**Input data:**
_ _ _
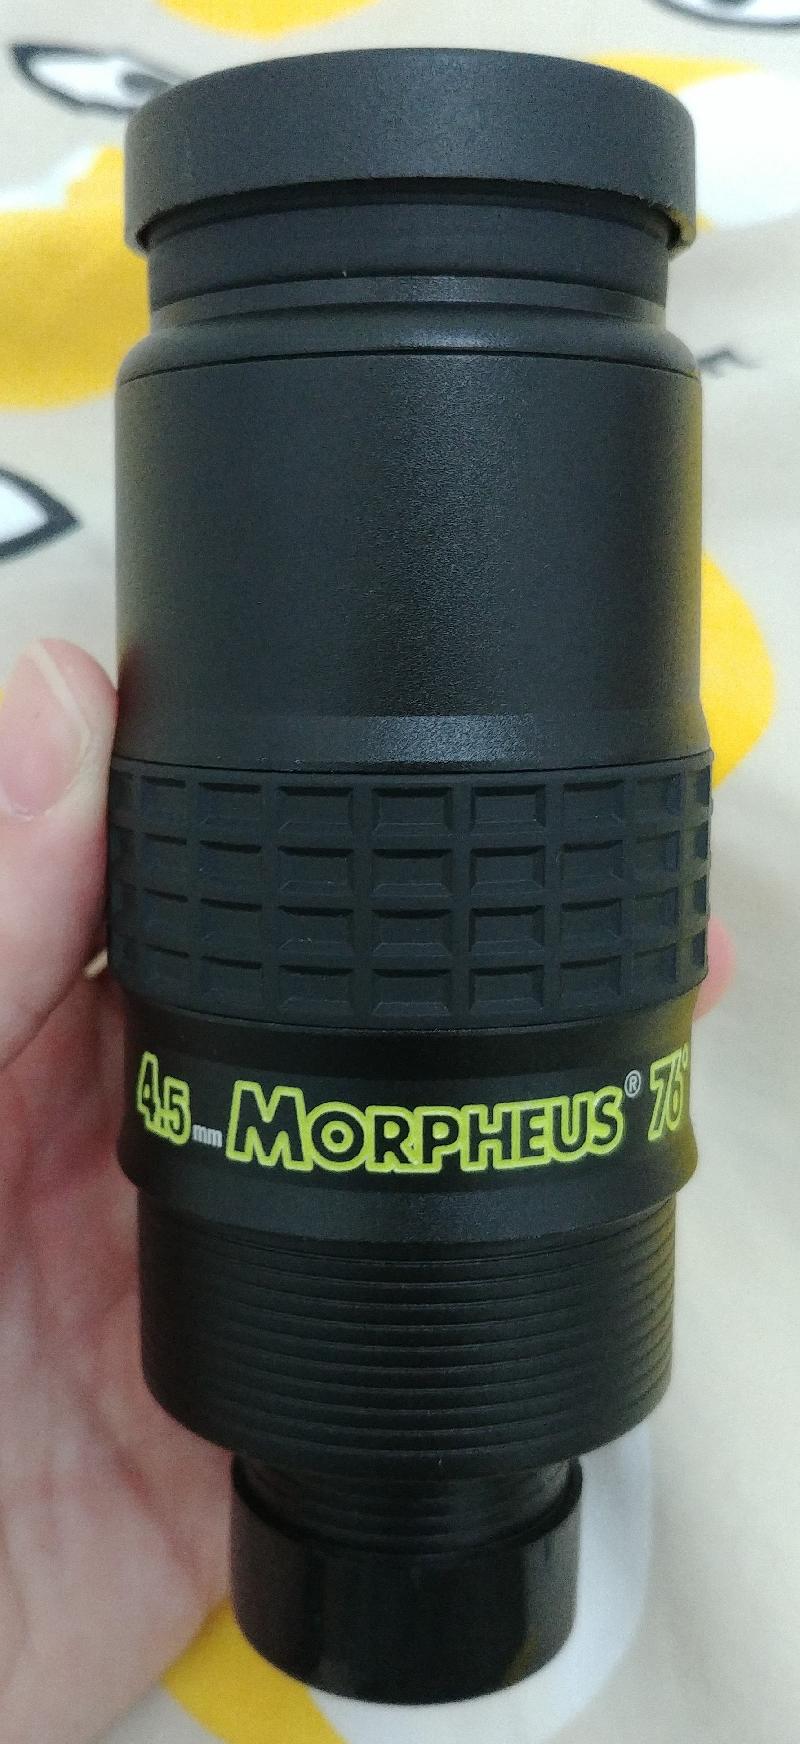 Morpheus 4.5
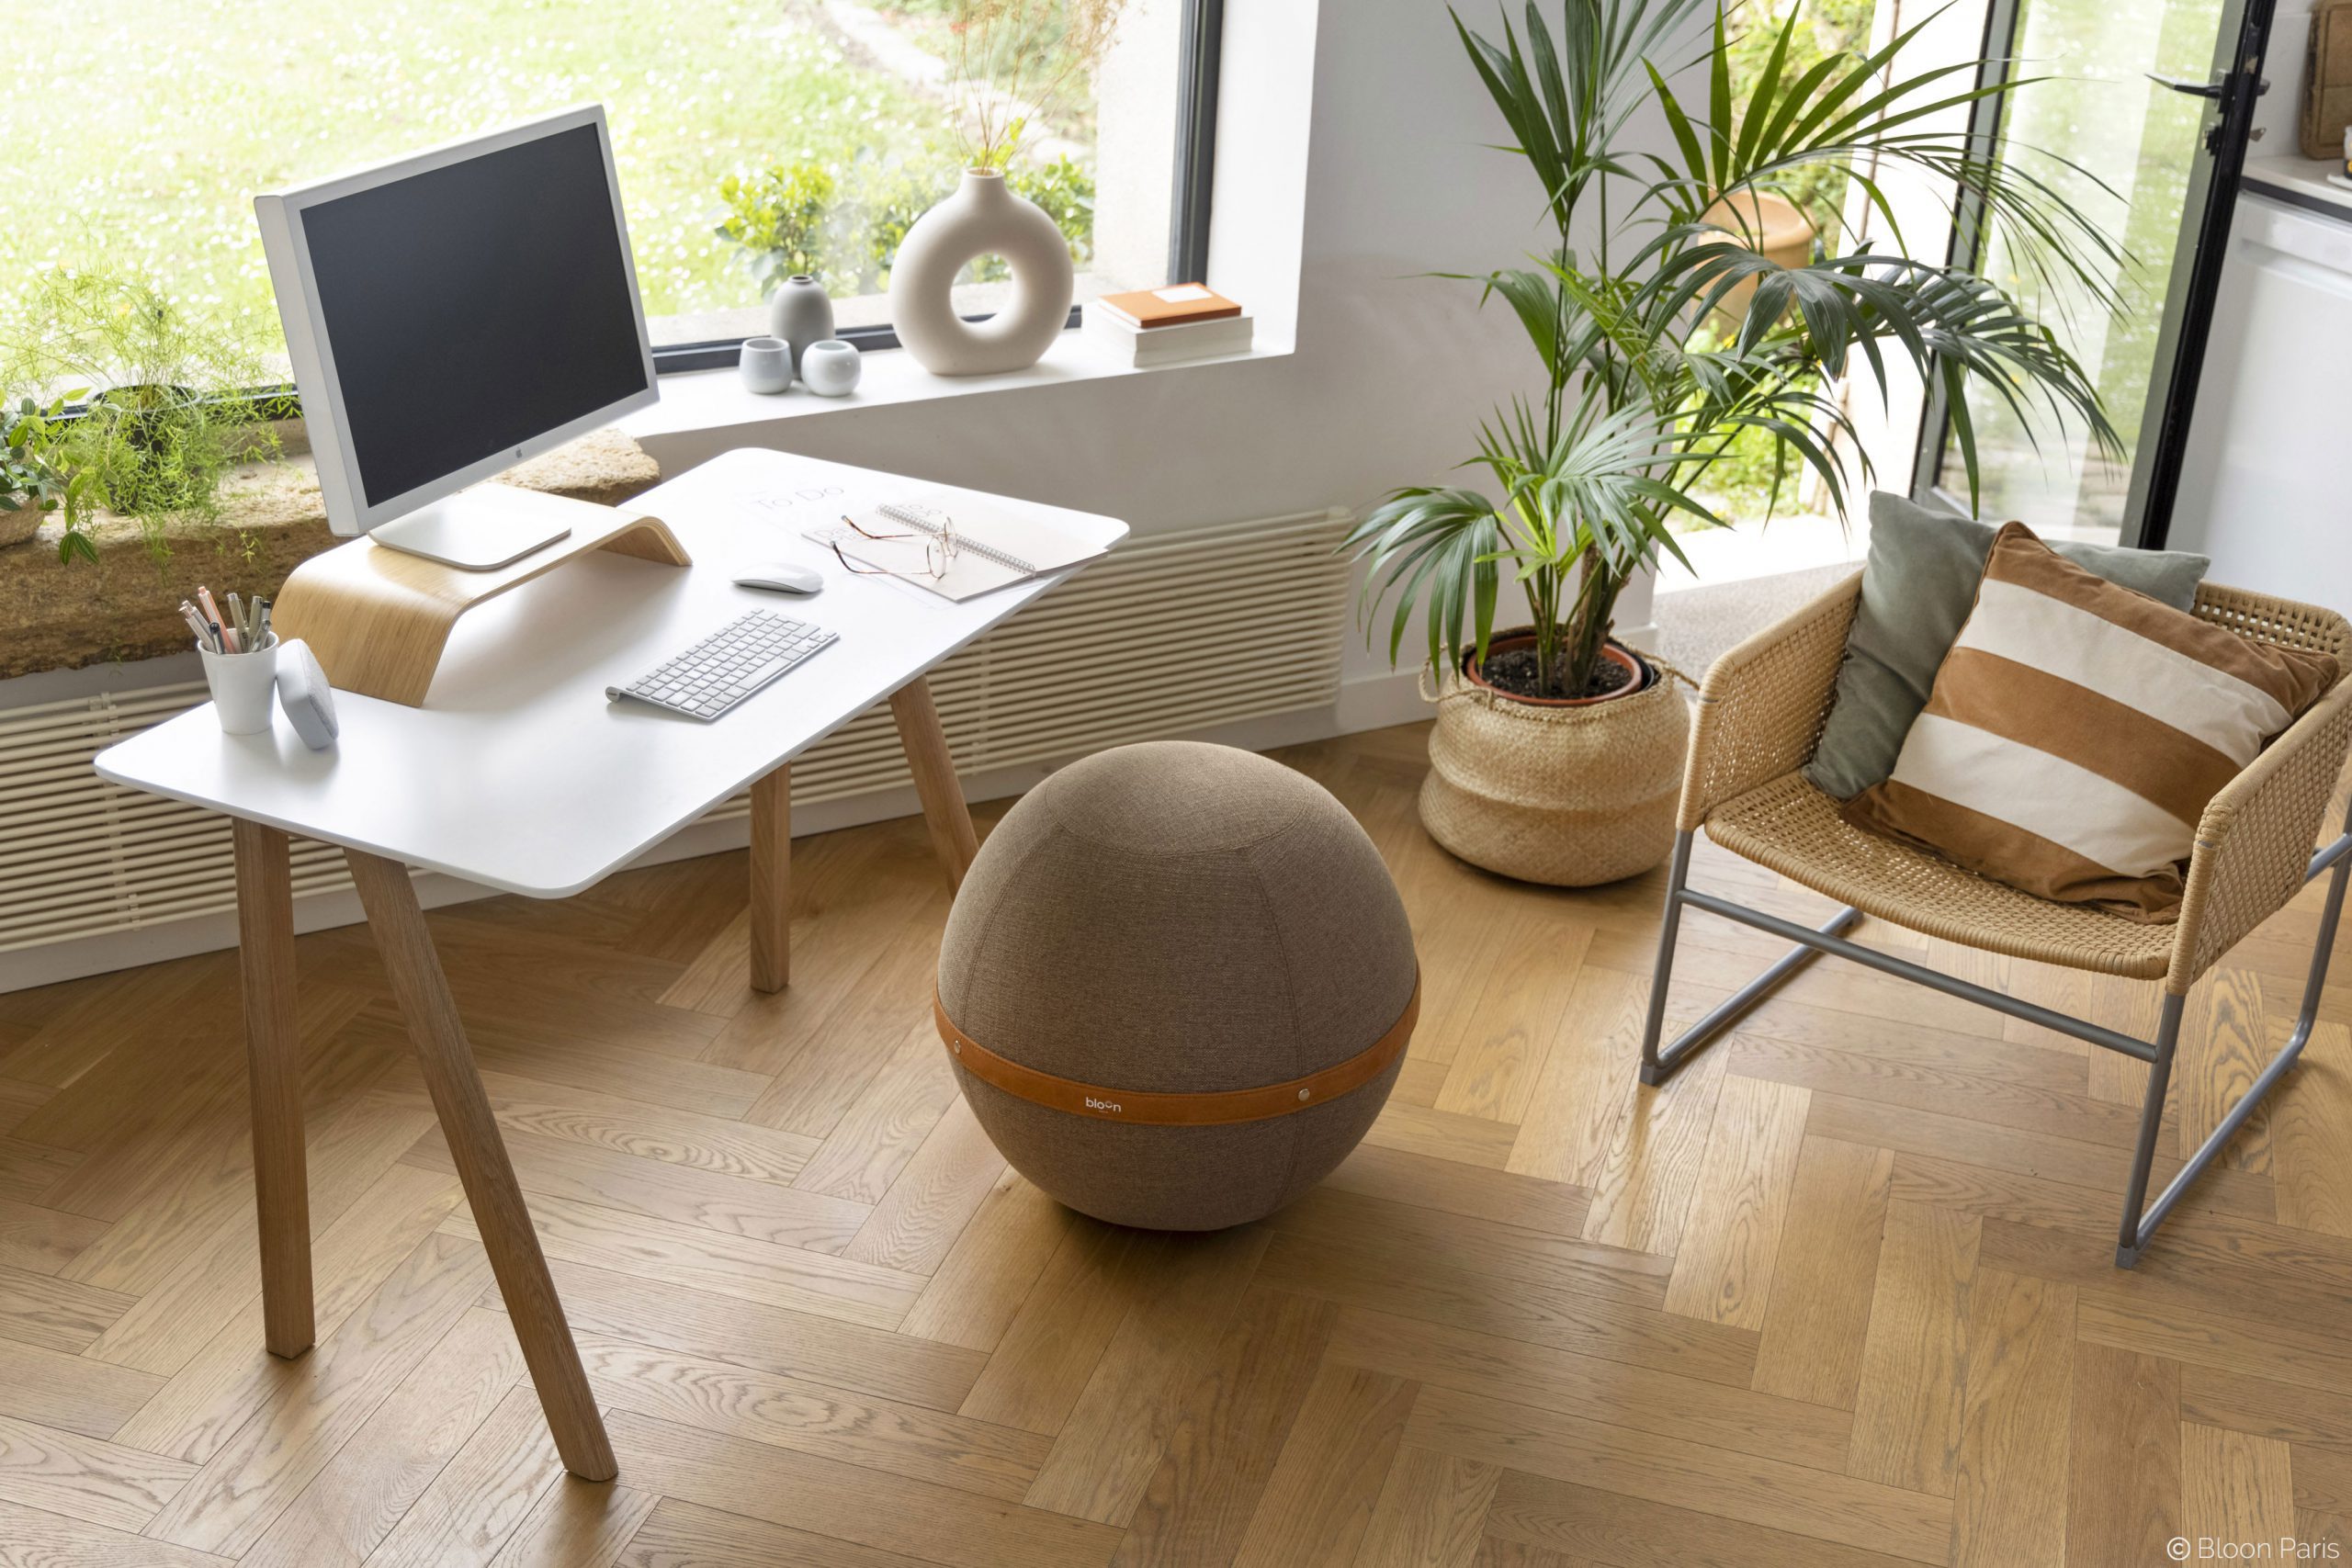 Siège ballon : le Swiss ball ergonomique au bureau ou la maison
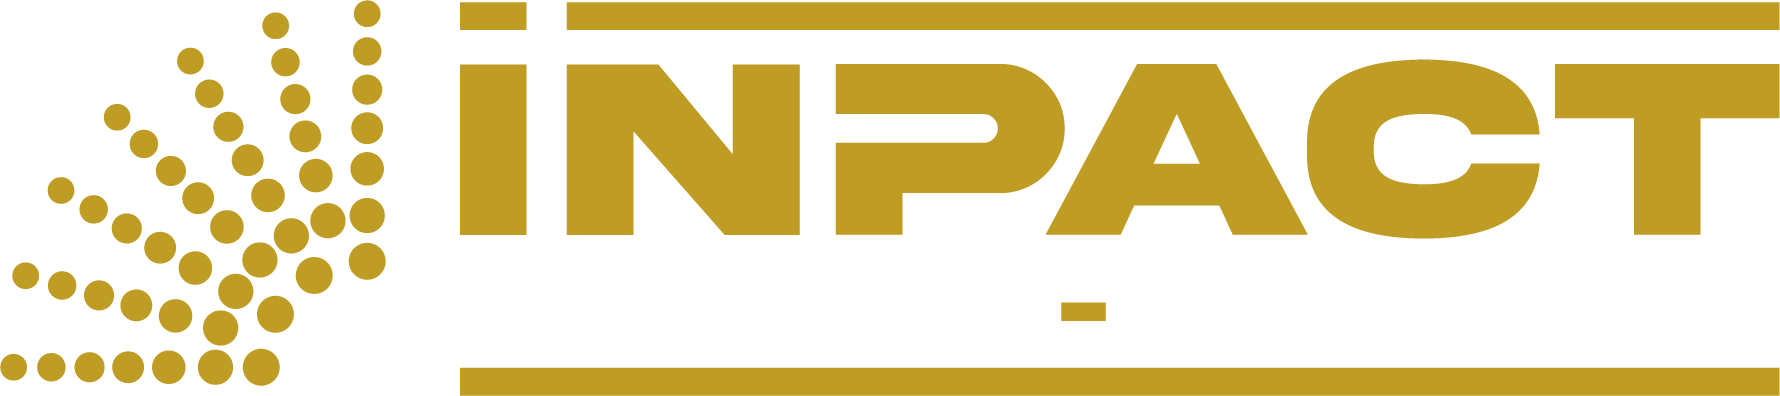 inpact powder coating business logo
_ _ _
Every line from the one with "Siège ballon : le" through the last line of the material gets printed exactly, and nothing more. Omit the pictures.

 Siège ballon : le Swiss ball ergonomique au bureau ou la maison
 inpact powder coating business logo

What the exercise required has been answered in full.